Review by Roger Brunyate (FEB 20, 2011)

With a doctorate in philosophy from Princeton, Guggenheim and MacArthur (genius) awards, several novels, and non-fiction studies of Gödel and Spinoza under her belt, Rebecca Newberger Goldstein is nobody’s fool. But I can’t decide whether her decision to populate her latest novel exclusively with people like herself is good or bad. Set in and around Cambridge, Massachusetts, partly at Harvard but mainly at another elite university which might be a fictionalized Brandeis, the entire cast of characters seems to consist of academic philosophers, psychologists, mathematicians, or theologians, all determined to prove that they are smarter than anybody else. Readers who enjoyed the intellectual name-dropping of Muriel Barbery’s The Elegance of a Hedgehog might well like this, but it can be hard going.
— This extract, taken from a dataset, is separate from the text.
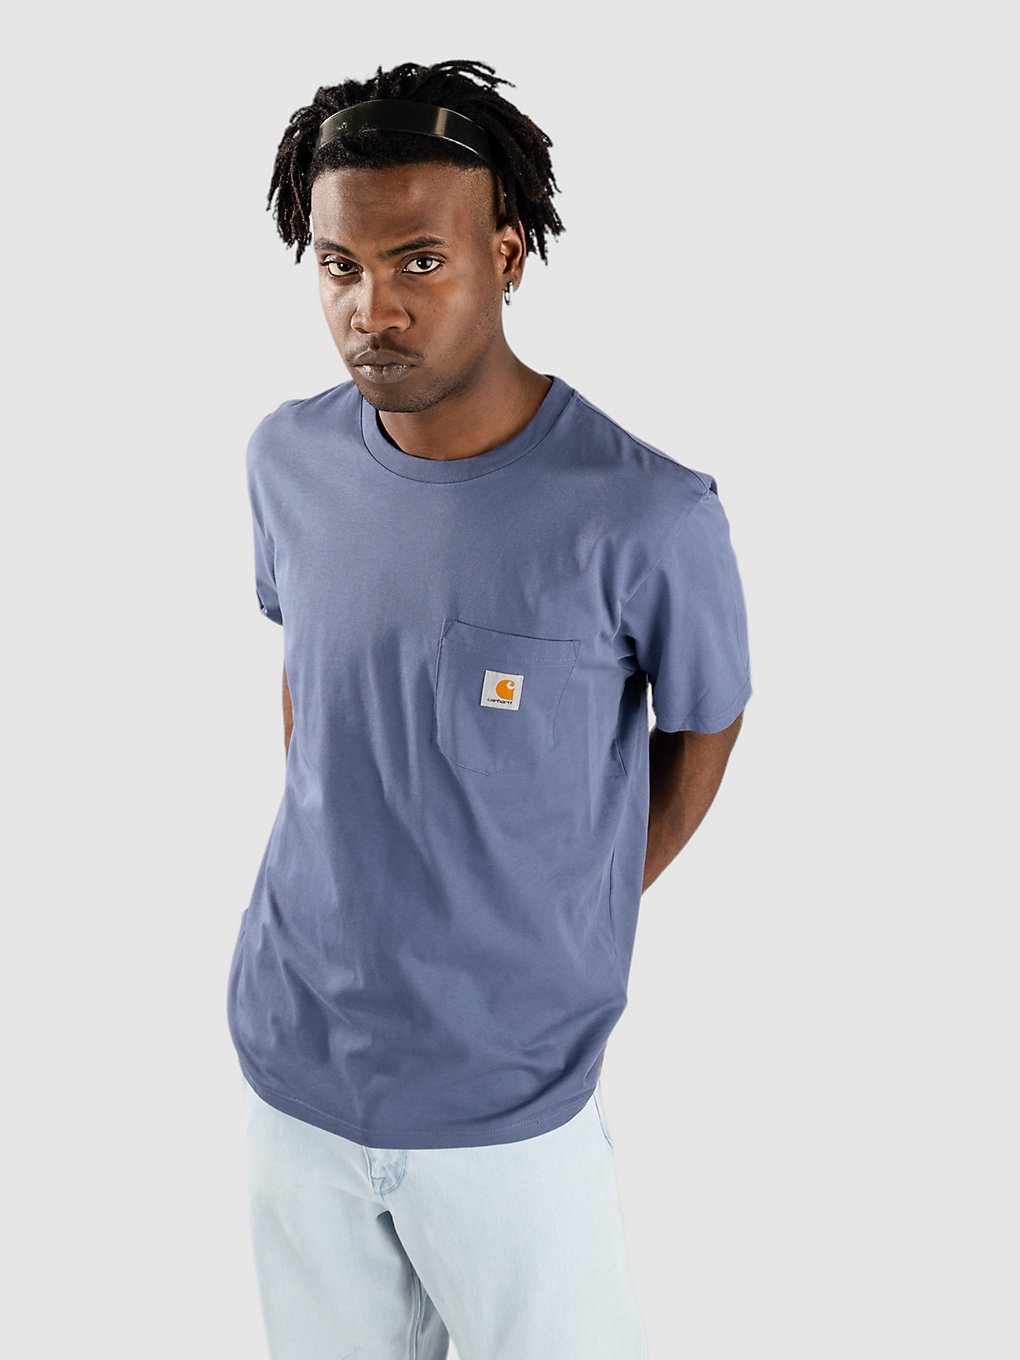 Carhartt WIP Pocket T-Shirt hudson blue kaufen

I soon began to wish for at least one character who did not know the Wittgenstein Paradox or Heideggerian Hermeneutics inside out. After about 80 pages, however, I found myself drawn into the strange world of the book, for three main reasons. I list them in increasing order of importance.

1. Goldstein can be very funny. There is splendid scene when the great professor Jonas Elijah Klapper (think Harold Bloom) makes a state visit to the Valdener Rebbe, head of a Hasidic sect headquartered in a building described as “A Costco that had found God.” In the ensuing dialogue, the professor tries hard to impress with obscure references to early Jewish mystics, while the Rebbe merely wants to discuss how best to secure federal matching funds. Nevertheless Klapper treats this as deep rabbinical wisdom expressed in parables, silencing a doubter with the words: “You are the sort who, should she witness the Messiah walking on water, would be impressed that his socks had not shrunk.”
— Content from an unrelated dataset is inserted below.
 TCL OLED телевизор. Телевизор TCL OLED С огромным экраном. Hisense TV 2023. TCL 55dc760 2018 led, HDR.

2. The chief character, Cass Selzer, is the least pretentious of the lot and really very likeable. A psychologist, he has recently published VARIETIES OF RELIGIOUS ILLUSION, vaulting him to the New York Times bestseller list and a Time Magazine feature as “The atheist with a soul.” The 36 Arguments of the book’s title form the appendix to Selzer’s book, reprinted as a 50-page appendix to the novel. Each argument is laid out in clear syllogistic form only to be dismissed by equally clear analysis of its flaws. But for the most part, Cass leaves the logical legerdemain to the appendix. As a character in the story, he speaks normal conversational English, and is really quite sympathetic as he moves from hero-worship to rejection of the monstrous Klapper, and tries to find a life partner among a sequence of dauntingly brilliant women.
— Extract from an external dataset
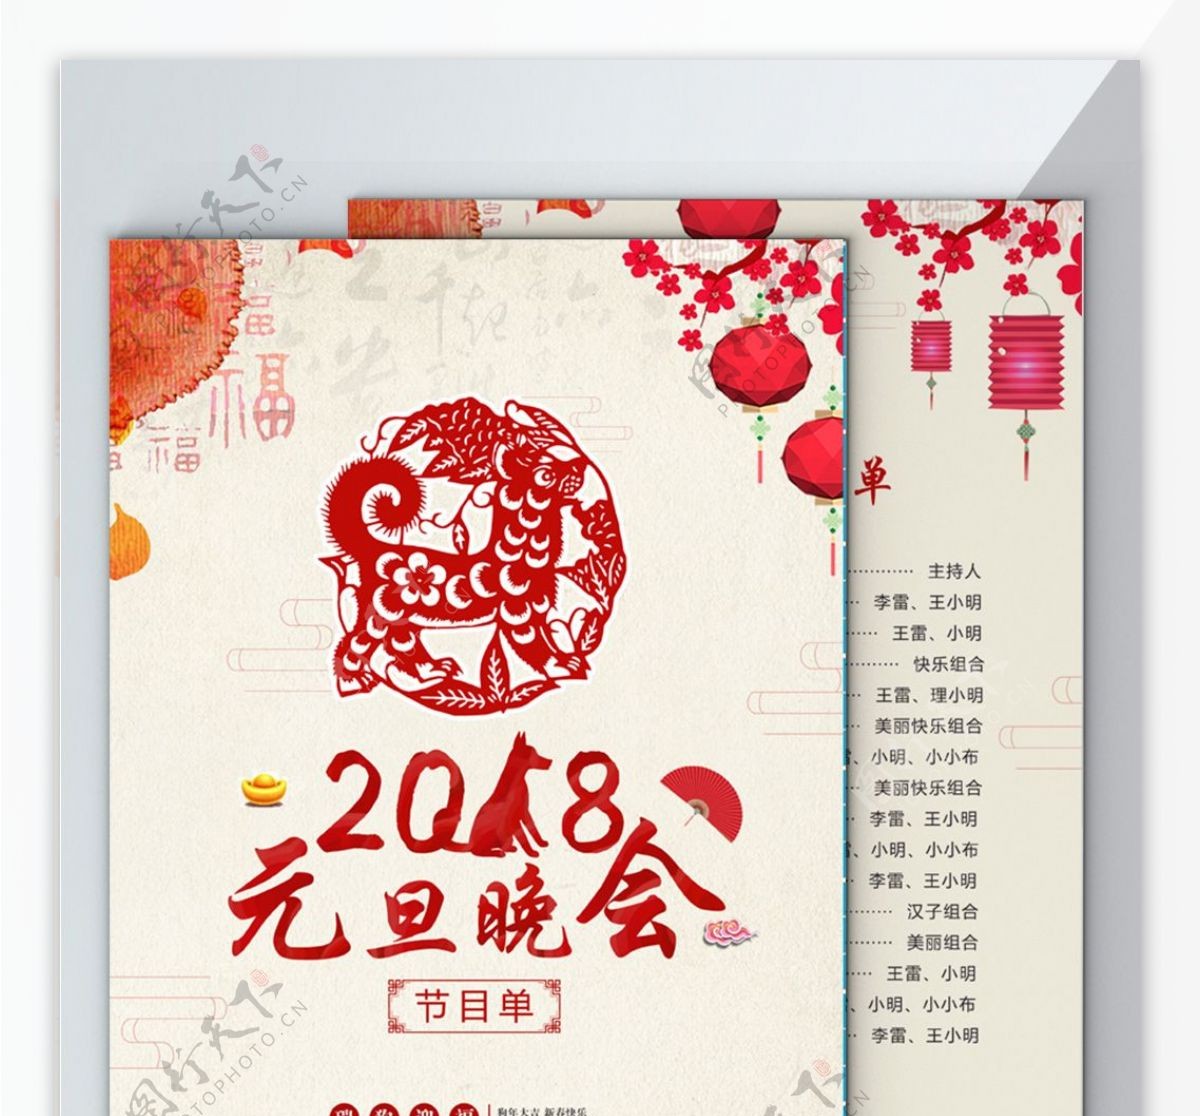 中国风剪纸2018年元旦晚会节目单

3. The book does indeed have a soul. The visit to the Valdener Rebbe (a distant relative of Cass) is more than a comic tour-de-force. Cass also meets the Rebbe’s son, Azarya, clearly a mathematical genius and as lovable for his personality as amazing in his desire for knowledge. At the age of only six, he explains discoveries in number theory that he has made by himself, describing the various classes of primes as orders of angels as real to him as Cherubim and Seraphim. Uniquely, he unites religion and science, not as opposites, but in a single world view. There is a great set-piece which is an ecstatic description of a “shabbes tish” or ceremonial meal, which draws me further into the spirit of Hasidic life than anything I have read before, including Chaim Potok’s The Chosen. Towards the end of the book, Cass argues against the existence of God in a public debate at Harvard. But the last chapter is not left to the arguments of philosophers but to another celebration at the Valdener shul, a glowing scene that somehow makes the entire debate almost irrelevant.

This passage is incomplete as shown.